Provided data: Begin

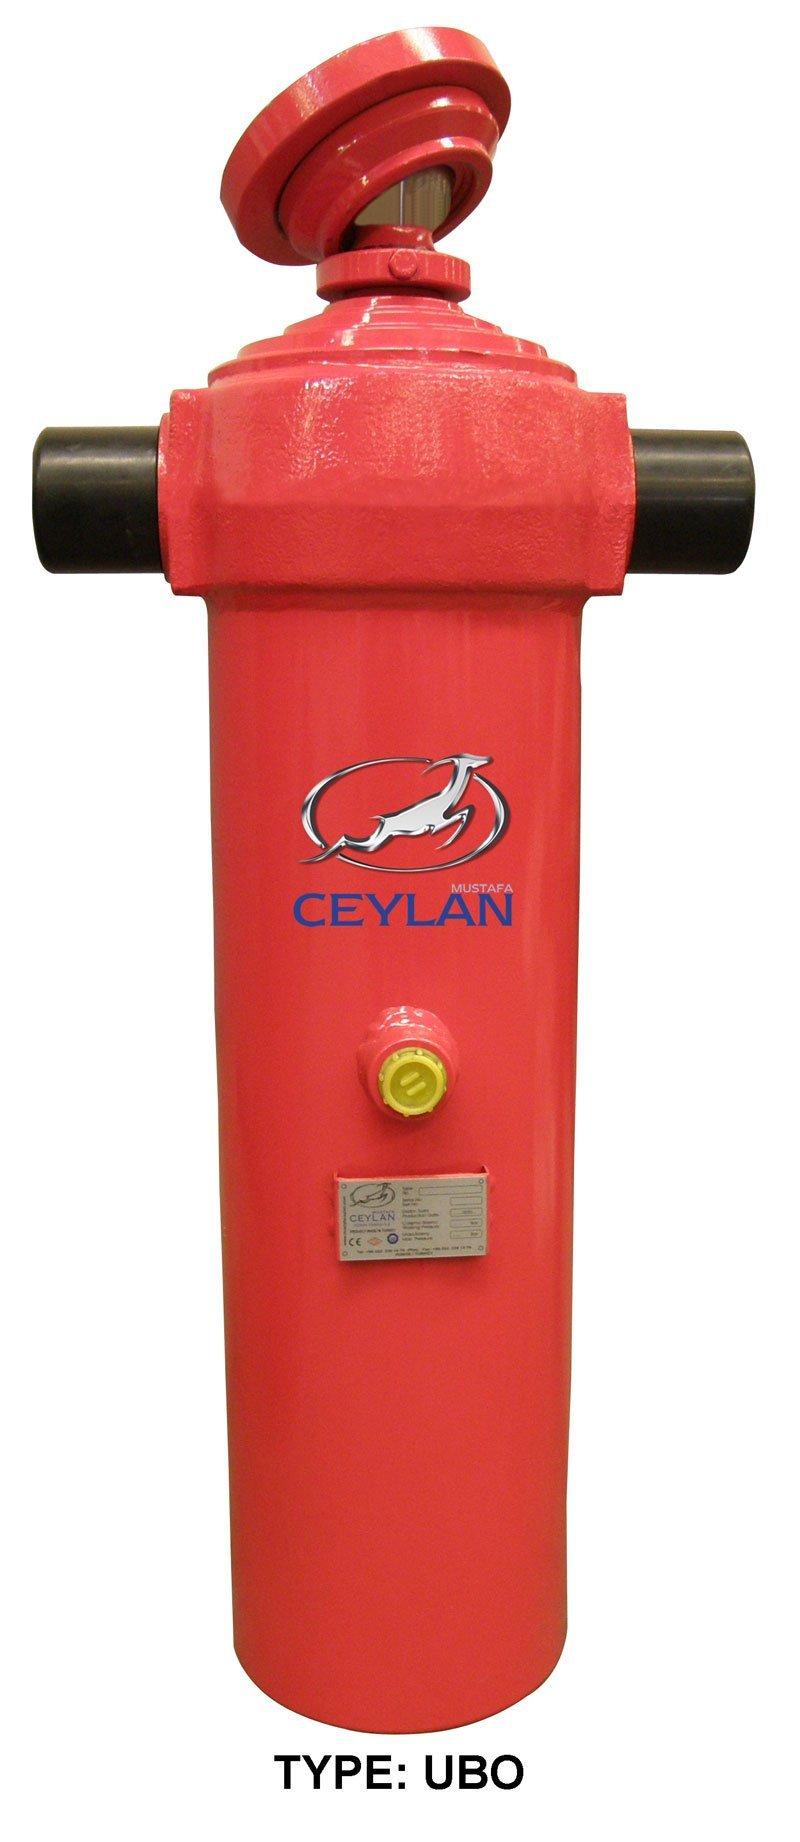 HYDRAULIC TELESCOPIC CYLINDER
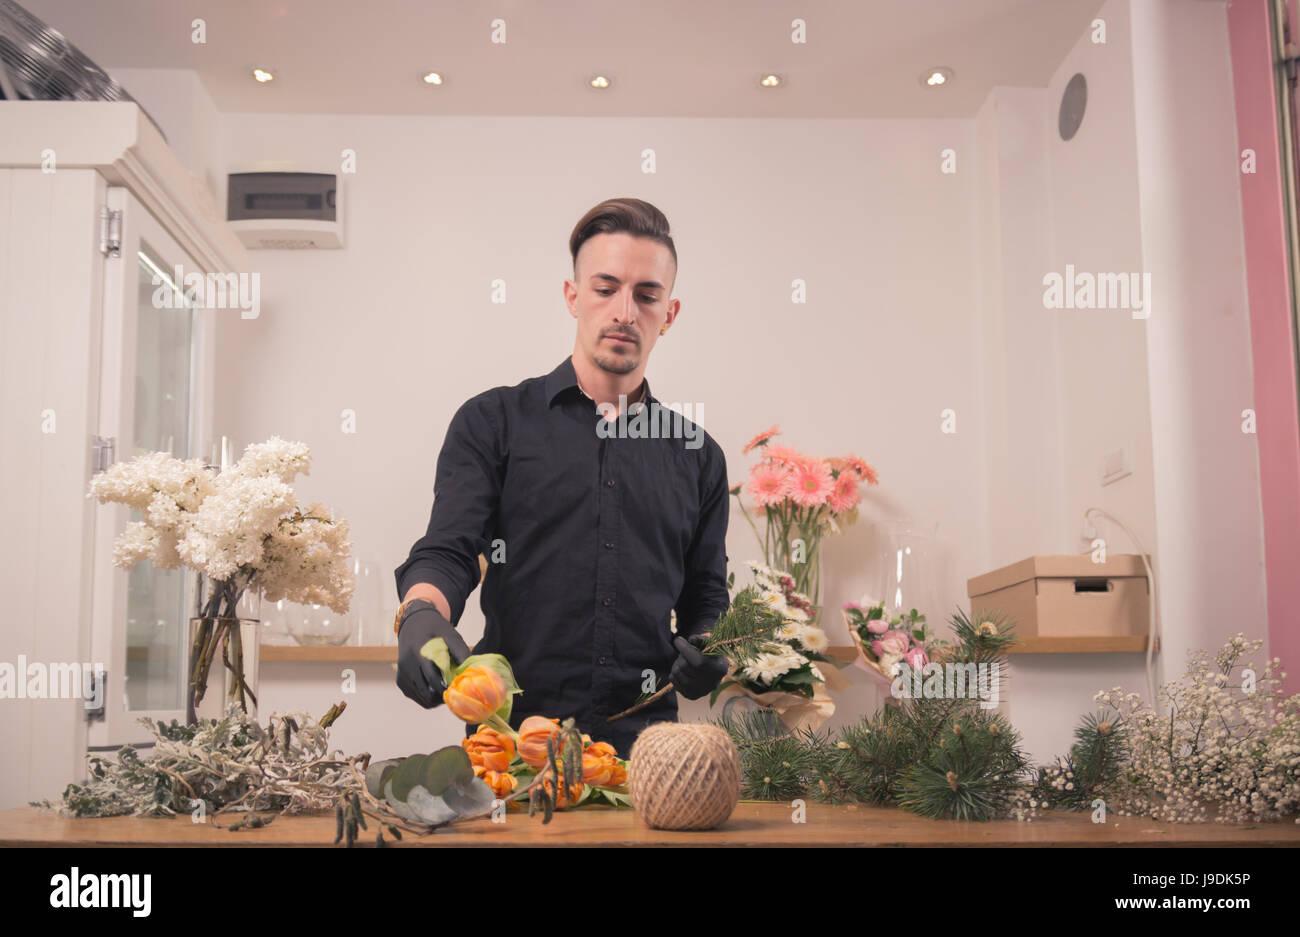 ein Erwachsener Jüngling, Blumengeschäft, Kommissionierung Wahl anordnen von Blumen, Blumenladen im Innenbereich Stockbild
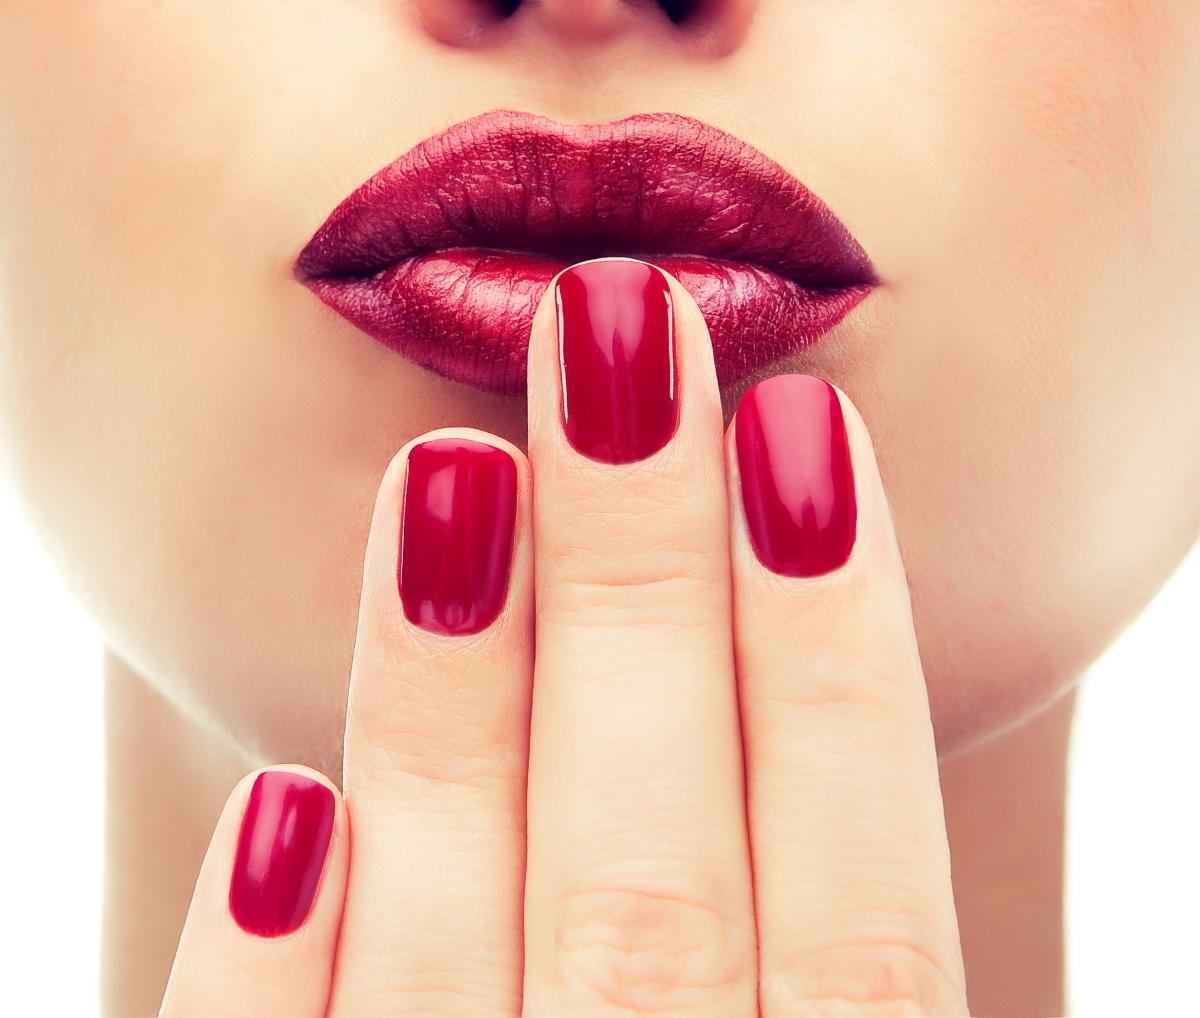 Лакът уврежда ноктите: мит. Ако маникюристът ви използва качествени материали и още повече: добра основа, това може да има положителен ефект и да ги заздрави.
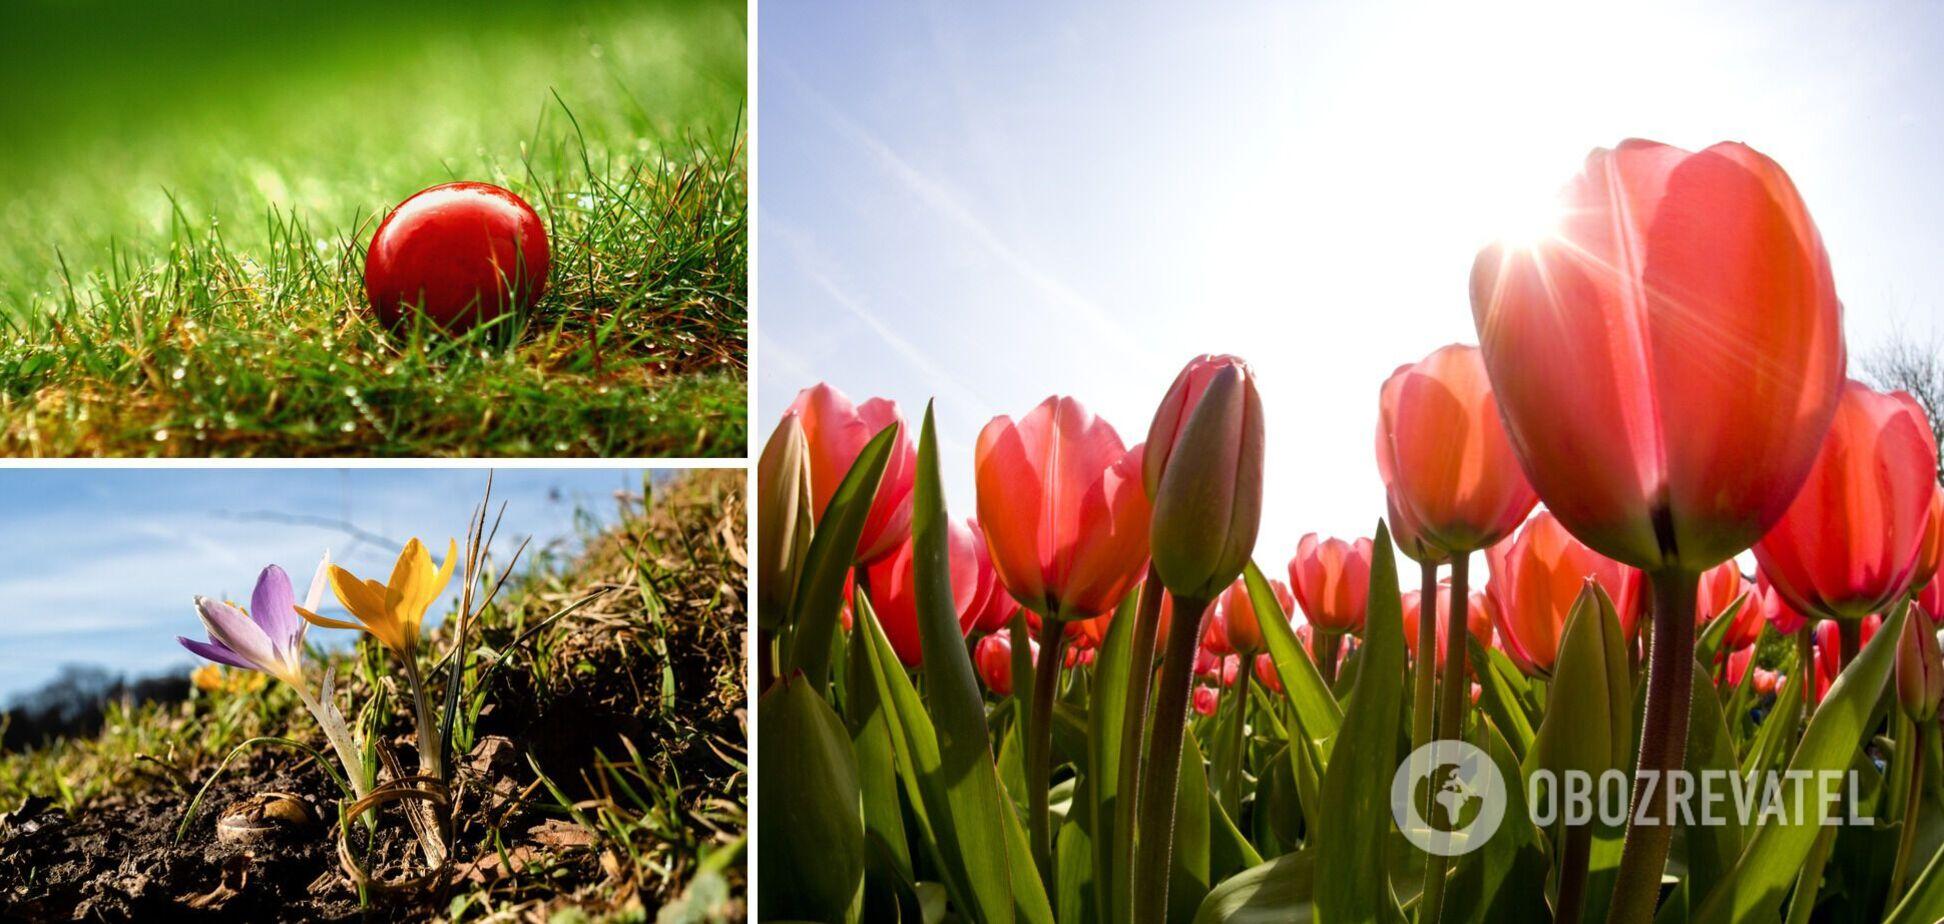 Тепло вернется, но весна будет нестабильной: синоптики уточнили погоду до Пасхи и майских праздников

Provided data: End

Work task:
Retype exactly the lines above, starting at the line containing "Лакът уврежда ноктите: мит." and ending with the last line, both included; leave out the pictures.

Answer box:
 Лакът уврежда ноктите: мит. Ако маникюристът ви използва качествени материали и още повече: добра основа, това може да има положителен ефект и да ги заздрави.
 Тепло вернется, но весна будет нестабильной: синоптики уточнили погоду до Пасхи и майских праздников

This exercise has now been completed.